I don’t feel the same as you do about other partners. It’s not dirty to have previous partners, it’s part of human nature and most people aren’t walking around carrying diseases. That doesn’t mean you shouldn’t protect yourself. But you should get to know the person and trust them before having sex with them.
I will have to write a post on this topic some time, *Smiles*
Although it would be a rather obscenely long post.
I liked your post though, You were rather honest about how you would feel. A trait I admire, people who can look inward and identify things like this about themselves.
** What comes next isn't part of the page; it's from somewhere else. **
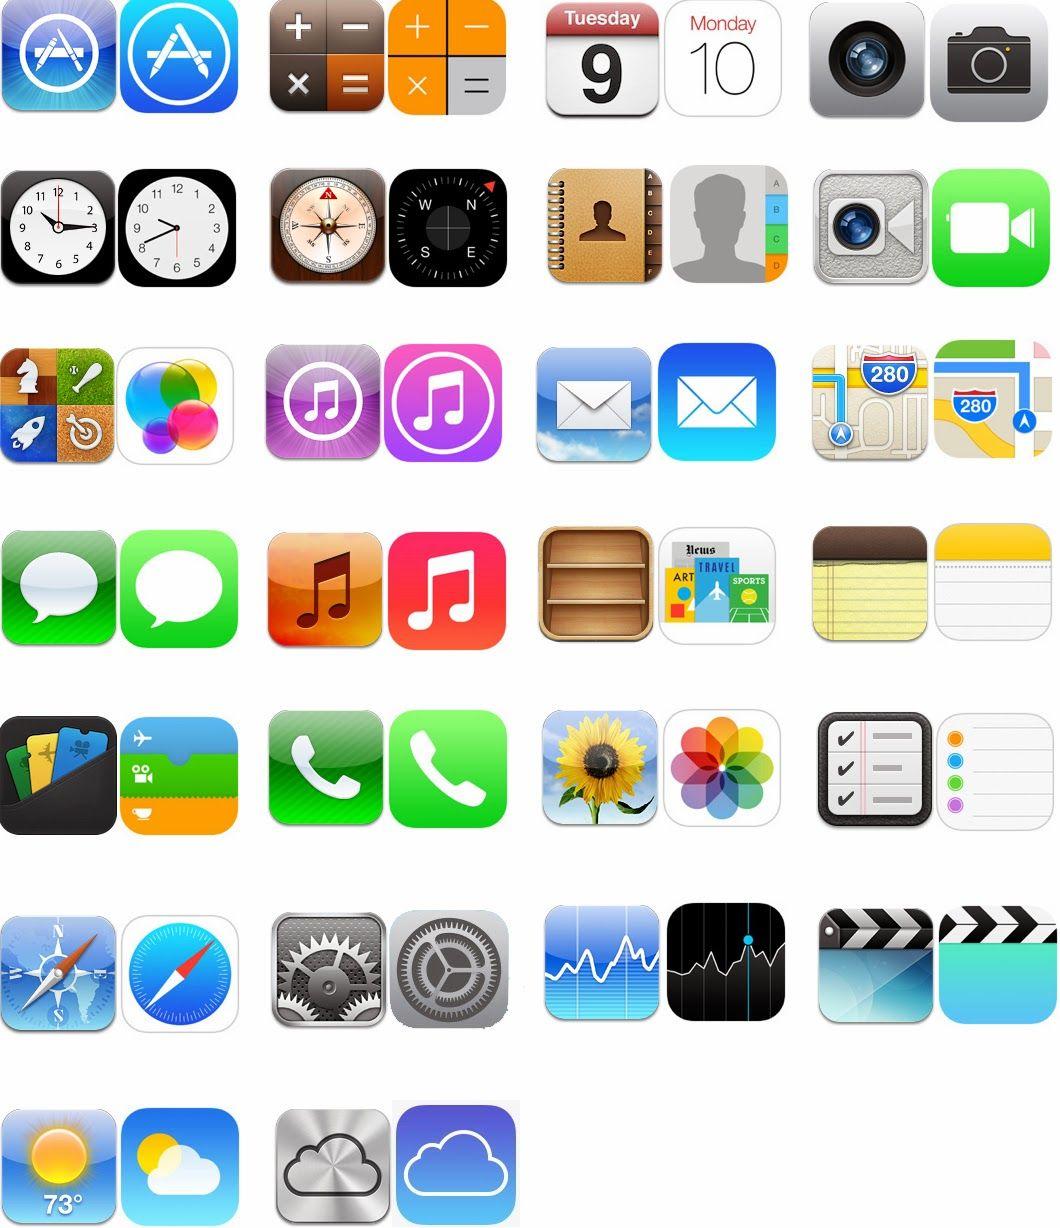 iPad Apps Logo - MUH82 iPad App: Logo design

I am interested in how your Social Networking site is doing. The premise of it sounds noteworthy, and I did take the time to visit your About page for it. I don’t think I could leave Xanga though. I have Facebook, but the only reason I don’t think I could live without it right now, isn’t for the ability to keep in touch with friends. It is solely for the migratory sign in abillites they have recently added. I LOVE the ability to use one website to log into so many other websites. BEST feature ever invented. *Smiles* Other then that, the only place I express my thoughts, and feelings, is here.